Berikut beberapa jenis cacat mata yang umum dikenal serta penanganannya:
Miopia disebut juga sebagai rabun jauh, yaitu gangguan melihat objek pada jarak jauh. Miopia disebabkan bola mata lebih panjang dibandingkan ukuran normal atau karena kornea mata melengkung terlalu curam. Hal ini menyebabkan fokus bayangan terjatuh di depan retina (reseptor cahaya yang terletak pada bagian belakang mata)[1, 2].
Jatuhnya bayangan di depan retina menghasilkan bayangan objek jauh menjadi terlihat kabur. Miopia dapat disertai gejala seperti sakit kepala akibat ketegangan mata dan kesulitan melihat ketika mengemudikan kendaraan, terutama ketika malam hari. Selain itu orang dengan miopia kadang perlu untuk menyipit atau menutup kelopak mata sebagian untuk dapat melihat dengan jelas[1].
Rabun jauh cenderung menurun dalam keluarga. Sehingga orang yang memiliki orang tua dengan rabun jauh memiliki risiko lebih tinggi untuk mengalami kondisi yang sama. Beberapa studi menunjukkan bahwa faktor lingkungan seperti kebiasaan membaca, beberapa pekerjaan tertentu, dan kurangnya waktu beraktivitas di luar ruangan termasuk faktor risiko berkembangnya miopia[1, 2].
Miopia dapat mengarah pada beberapa komplikasi seperti penurunan kualitas hidup, ketegangan mata, risiko keselamatan, dan peningkatan beban finansial untuk perawatan. Selain itu miopia termasuk faktor risiko utama untuk sejumlah penyakit okuler lain seperti katarak, glaukoma, pelepasan retina, dan makulopati miopik [1, 2].
Miopia terjadi pada lebih dari 50% populasi umum. Prevalensi miopia dalam komunitas perkotaan di Asia lebih besar dari 80%[2].

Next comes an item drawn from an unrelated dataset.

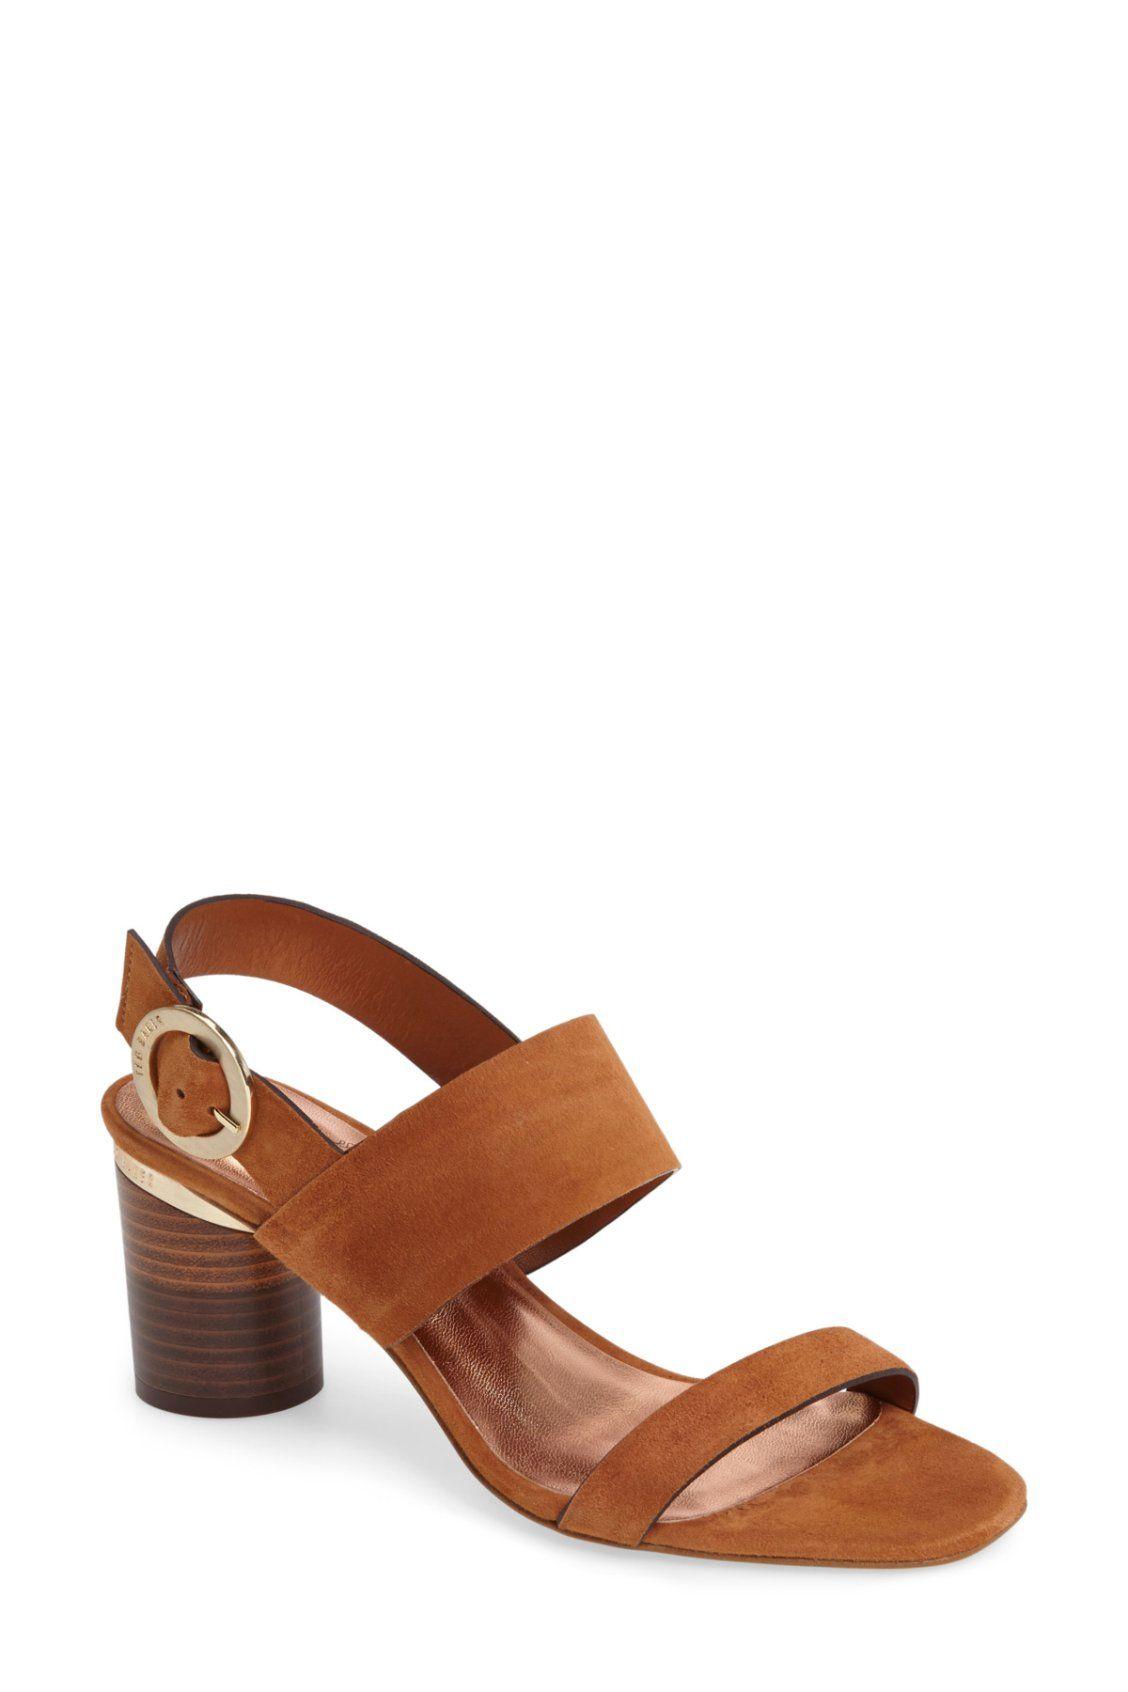 bd4e3d45dfd3c Classic tan Ted Baker London Azmara Sandals

Untuk anak-anak dengan rabun jauh progrsif, dapat ditangai dengan tetes mata atropin, kacamata kontrol miopia, lensa kontak kontrol miopia, dan kontak lensa Ortho-k[3].
Umumnya orang dengan miopia dibantu dengan lensa cekung (minus). Lensa cekung memiliki bagian pusat yang lebih tipis daripada bagian tepi[4].

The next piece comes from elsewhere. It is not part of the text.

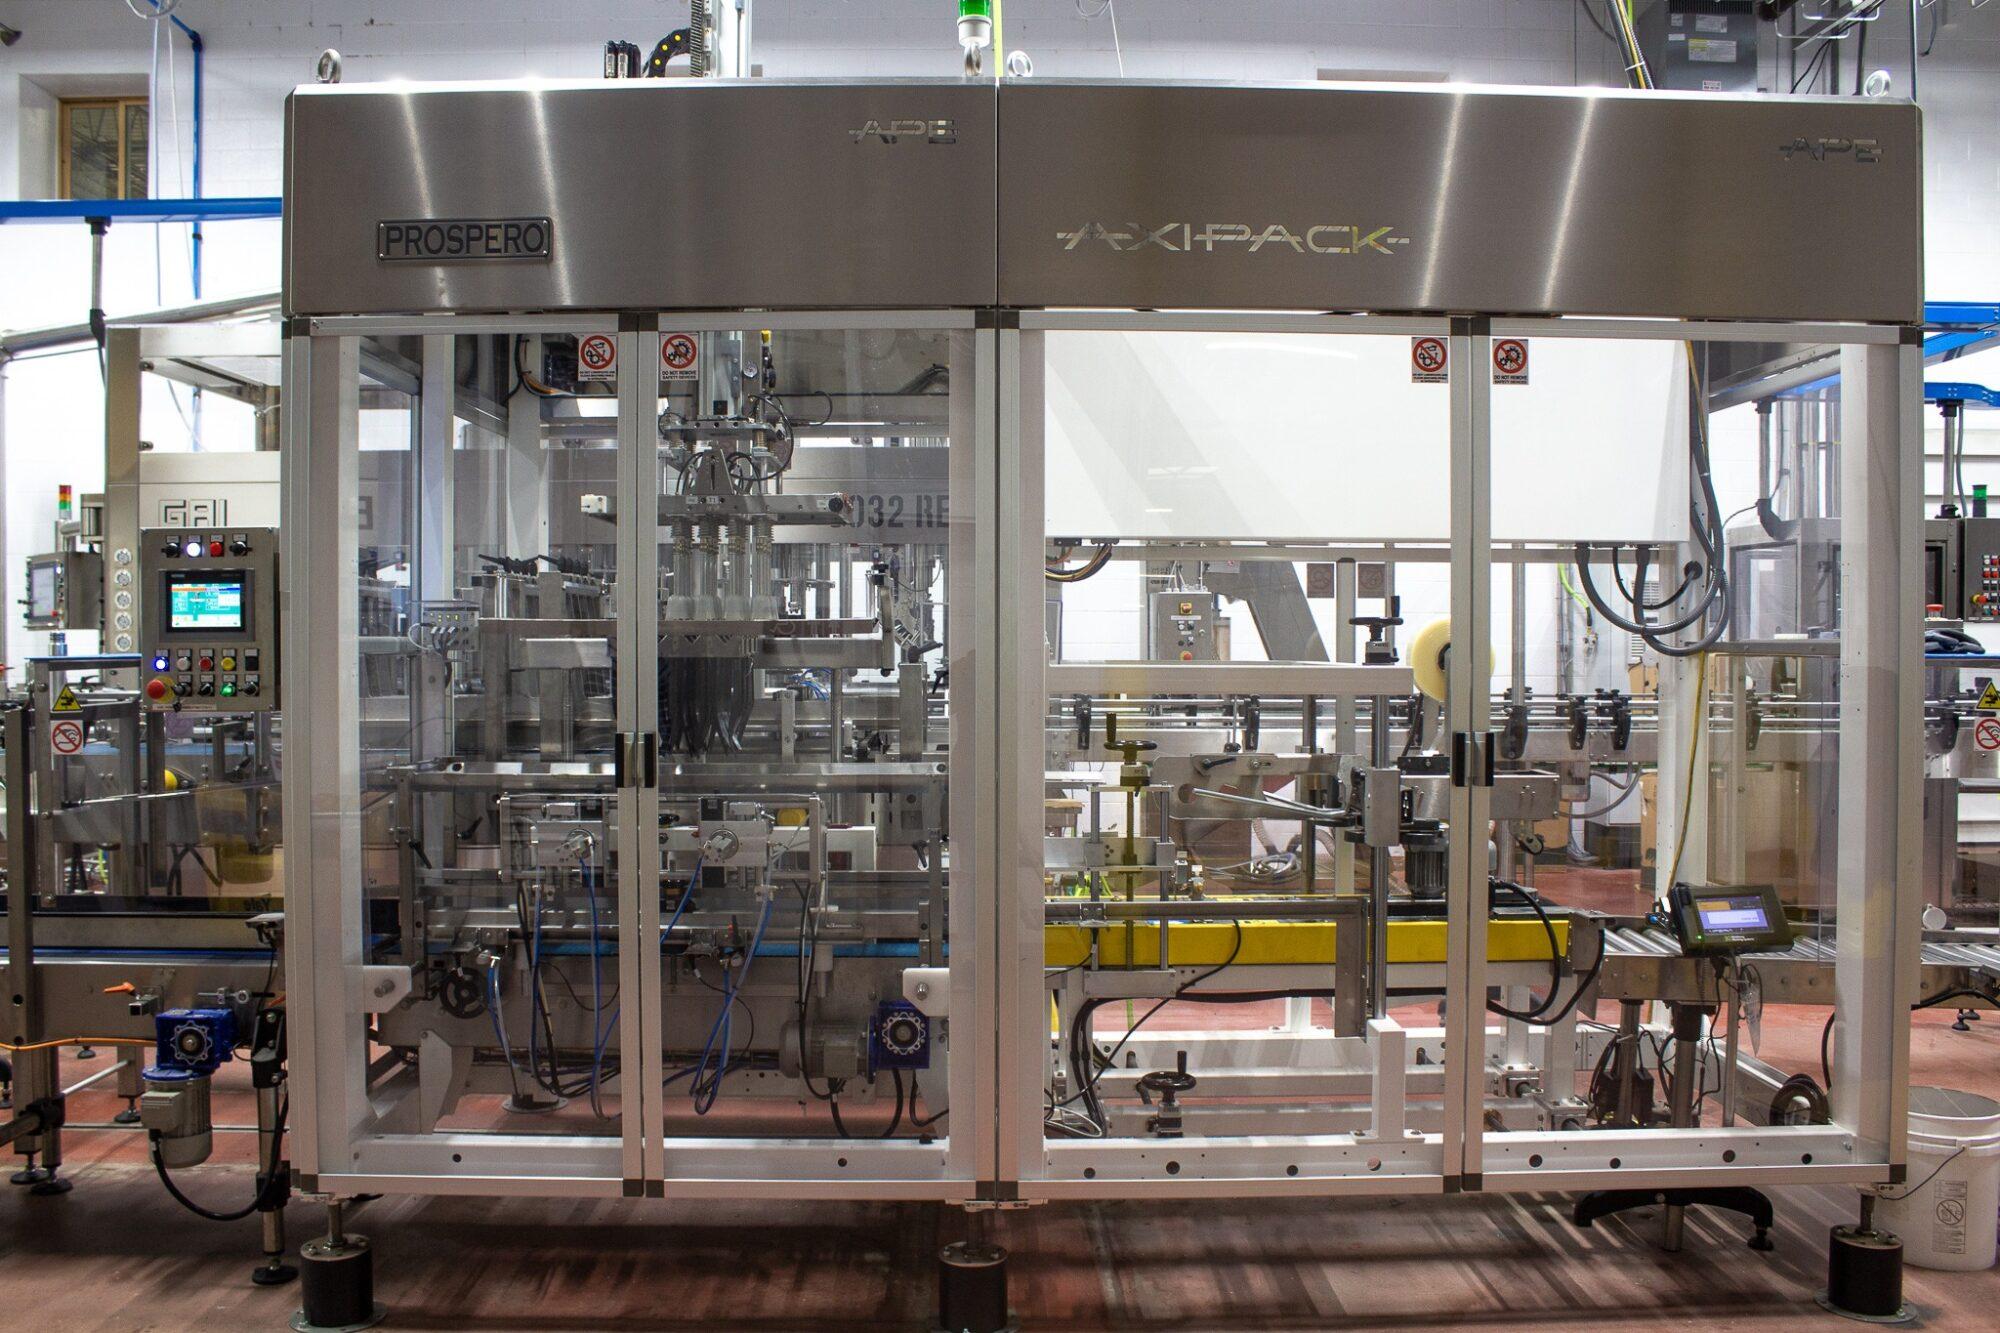 Production Line with bottling dispenser

Bedah refraktif dapat mengurangi atau menghilangkan perlunya mengenakan kacamata atau lensa kontak. Prosedur paling umum dilakukan dengan excimer laser, yaitu PRK (photorefractive keratectomy) dan LASIK (laser in situ keratomileusis)[3].
Hipermetropia disebut juga sebagai rabun dekat atau hiperopia, yaitu kondisi di mana seseorang mengalami gangguan untuk melihat objek pada jarak dekat. Hipermetropia menyebabkan mata sulit untuk memfokuskan bayangan objek dekat dan umumnya menghasilkan penglihatan kabur yang sering kali disertai sakit kepala[4, 5].

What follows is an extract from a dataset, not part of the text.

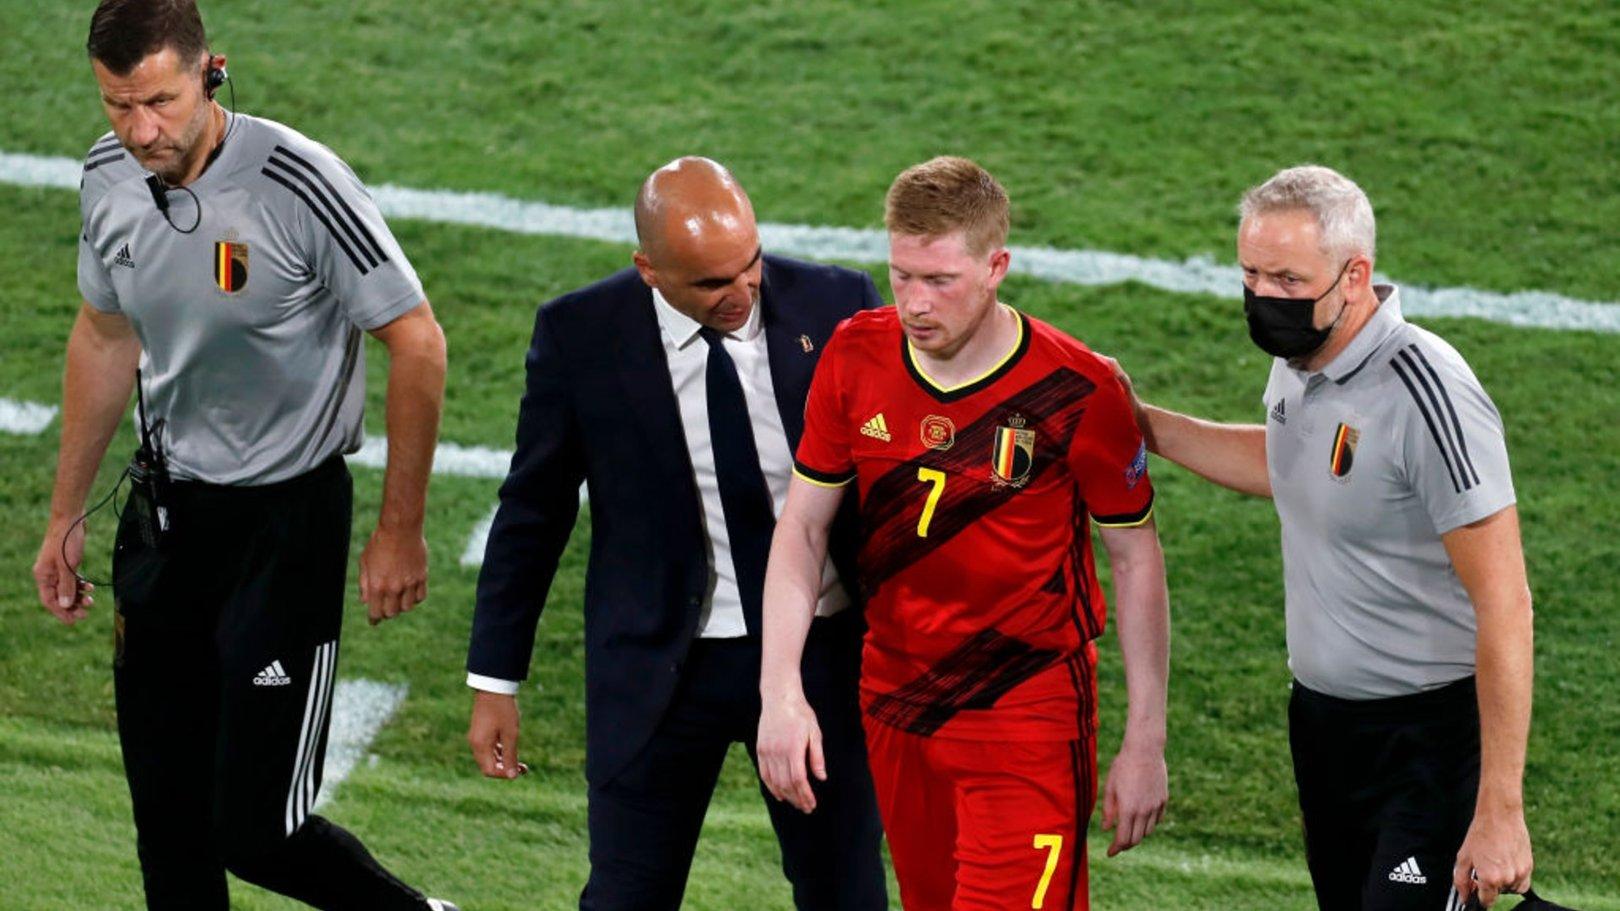 De Bruyne injury concern as Belgium edge past Portugal

Gejala hipermetropia juga meliputi ketegangan mata, termasuk sensasi terbakar pada mata dan sakit di bagian dalam atau di sekitar mata. Orang dengan hipermetropia dapat mengalami sakit di sekitar mata atau sakit kepala setelah melakukan kegiatan yang melibatkan penglihatan jarak dekat, seperti membaca, menulis, menggunakan komputer, atau menggambar dalam waktu lama[6].
Berdasarkan penyebabnya, hipermetropia dibedakan menjadi berikut[7]:
Hipermetropia aksial merupakan jenis hipermetropia paling umum dan biasanya merupakan bawaan sejak lahit. Kondisi ini disebabkan oleh memendeknya ujung anterior-posterior bola mata. Kondisi ini dapat dipengaruhi oleh kecenderungan genetik. Edema retina dapat menyebabkan pergeseran hiperopik. Pengurangan panjang akasial 1 mm mengarah pada hipermetropia sebesar 3 diopter.
Hipermetropia pelengkungan disebabkan oleh perataan kornea atau lensa mata atau keduanya. Peningkatan 1 mm radius pelengkungan mengarah pada hipermetropia sebesar 6 diopter.
Hipermetropia indeksi disebabkan oleh perubahan pada indeks refraktif dari lensa kristalin, yang mana terjadi pada usia lanjut atau pasien diabetes. Indeks refraktori secara bertahap meningkat dari bagian pusat ke perifer.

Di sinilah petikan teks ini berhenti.